Front-end US yields decisively broke through the recent August lows (eg. 2-yr sub 3.8%). Their technical picture deteriorated significantly as a result. There’s little in the way for a return towards the March 2023 lows seen in the wake of the regional banking crisis in the US (3.55% in the 2-yr yield).
A possibly unconvincing ADP job report and/or US August services ISM (expected at 51.4, same as in July) today will undoubtedly add further downward pressure going into tomorrow’s key payrolls release. Longer maturities such as the 10-yr are at a crossroads with the similar August lows barely surviving for the time being. A break lower depends on whether the data is weak enough to reignite recessionary fears. The dollar looks vulnerable nevertheless. EUR/USD 1.1139 serves as a first dollar support.
The Bank of Canada yesterday reduced its policy rate for the third consecutive meeting by 25 bps to 4.25%. Q2 growth (2.1%) was slightly stronger than forecast, but preliminary indicators suggest that recent activity was soft. The labour market slows, but wage growth remains elevated relative to productivity growth. Inflation, including underlying measures, declined further in July (2.5%). This allowed for a further easing, with excess supply putting r downward pressure on inflation. High prices for shelter and some services still give some counterweight.

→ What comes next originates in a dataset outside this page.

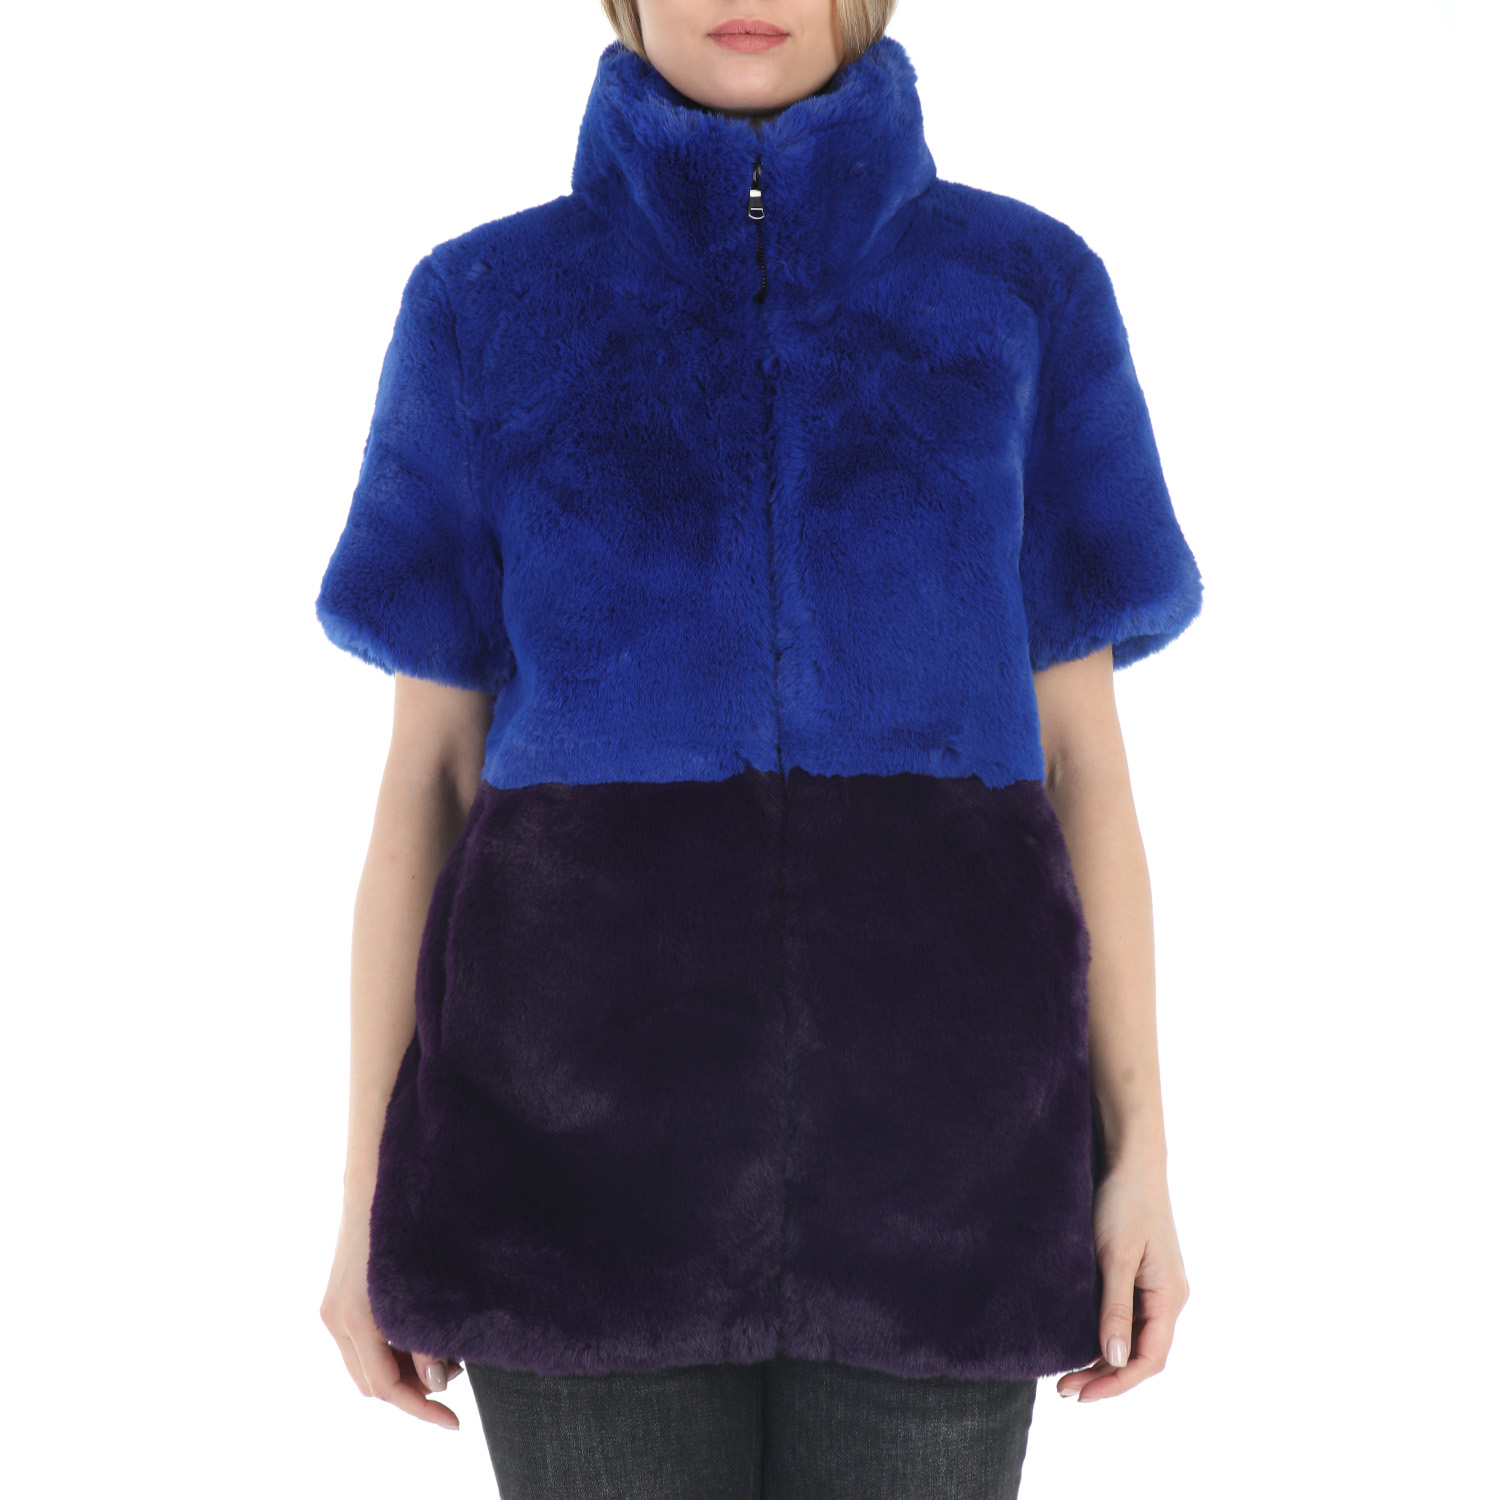 Γυναικεία/Ρούχα/Πανωφόρια/Παλτό TAVUS - Γυναικείο γούνινο παλτό TAVUS μπλε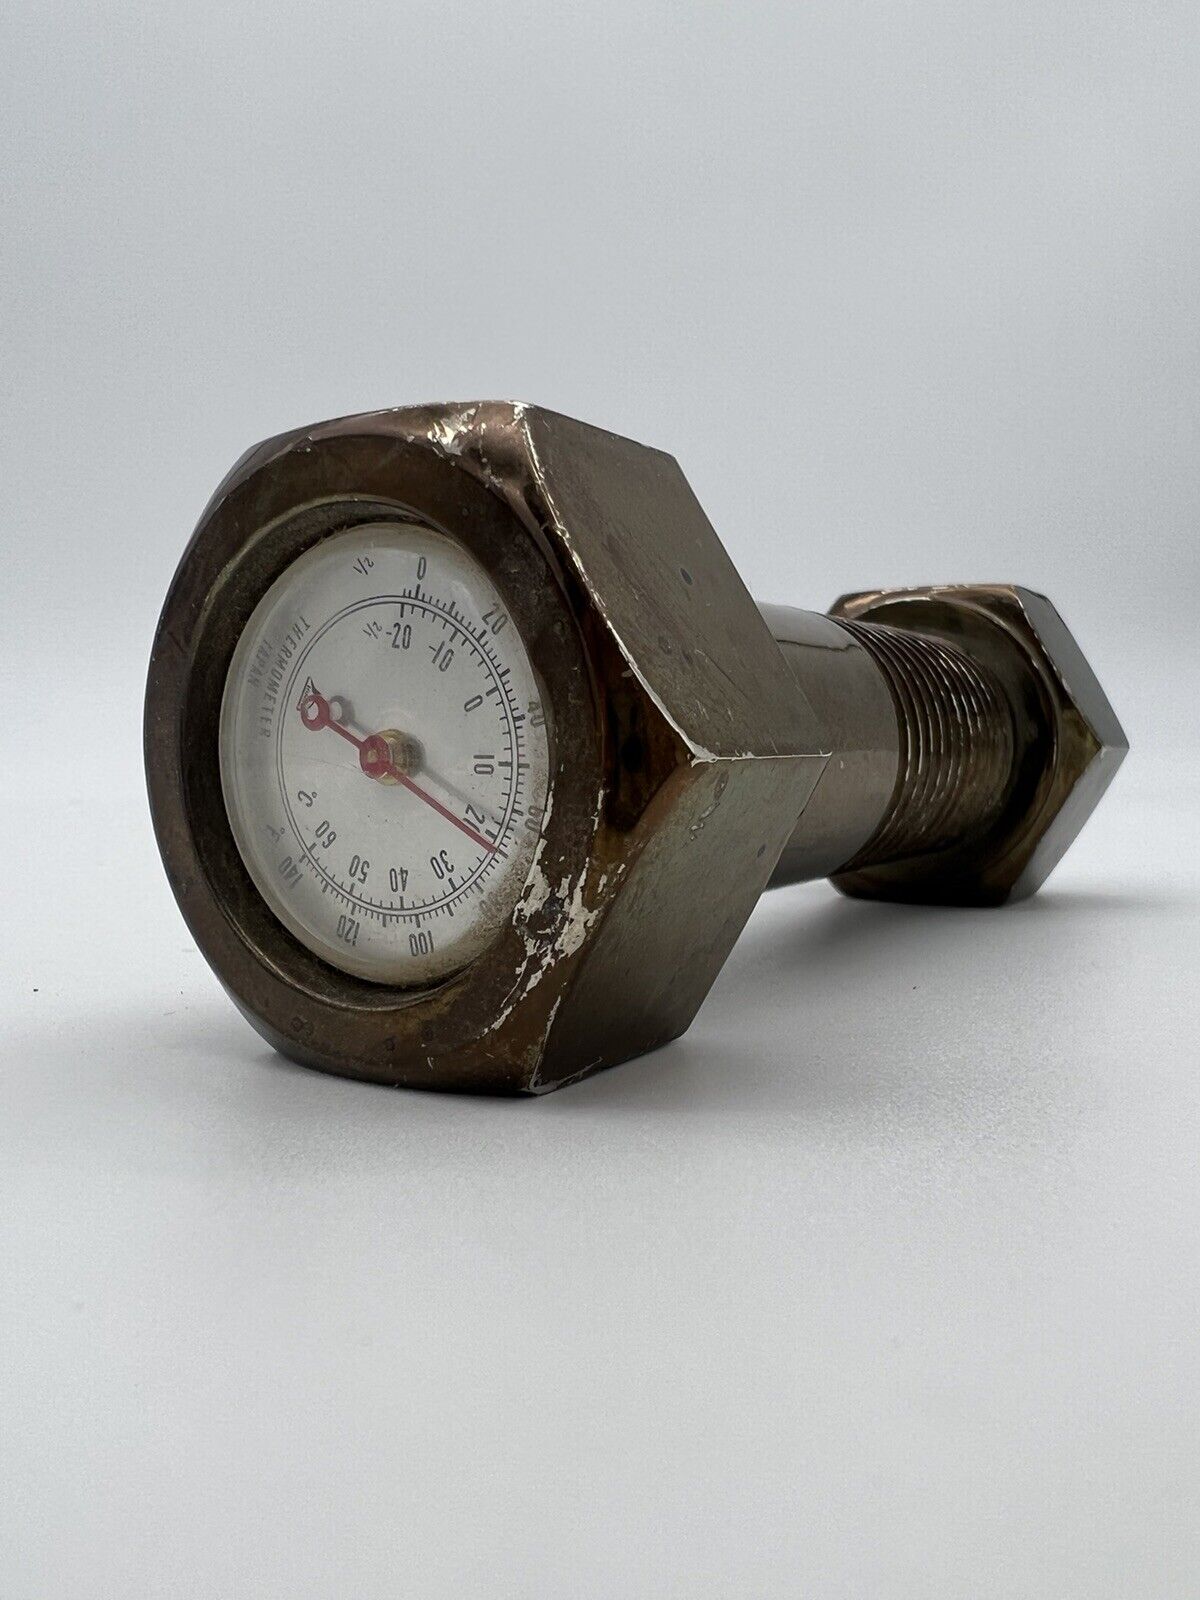 Vintage Nut & Bolt Thermometer Made In Japan Desk Decor

At the press conference, Governor Tiff Macklem still advocated data-dependent approach, but also kept the option open for bigger rate cut steps. With inflation getting closer to the target, the BoC needs to increasingly guard against the risk that the economy is too weak and inflation falls too much. The Canada 2-y bond yields yesterday declined 7 bps, but his was also supported by broader (US-driven) market momentum. The market currently fully discounts two additional 25 bps cuts at the October and December meetings and about 30% chance of one bigger move. The Loonie strengthened (USD/CAD 1.35 from 1.355) but this was partially due to overall US weakness.
The Reserve Bank of Australia (RBA) doesn’t join the broader positioning toward (faster) policy easing. In a speech this morning, RBA Governor Michele Bullock reconfirmed bringing inflation to the 2-3% target as the RBA’s priority. “If the economy evolves broadly as anticipated, the board does not expect that it will be in a position to cut rates in the near term,” Bullock said. Inflation cooled to 3.5% but especially domestic inflation from housing and services remains too high. Bullock warned that if high inflation became entrenched in expectations, the RBA would have to slow the economy even more to bring prices back in check, with ultimately a larger rise in unemployment and higher risk of a recession. If circumstances change, the RBA will respond accordingly.
The Aussie this morning trades little changed (AUD/USD 0.6725) after having declined earlier this week on lower commodity prices. Markets still see a first RBA rate cut by the turn of the year (December or February meeting).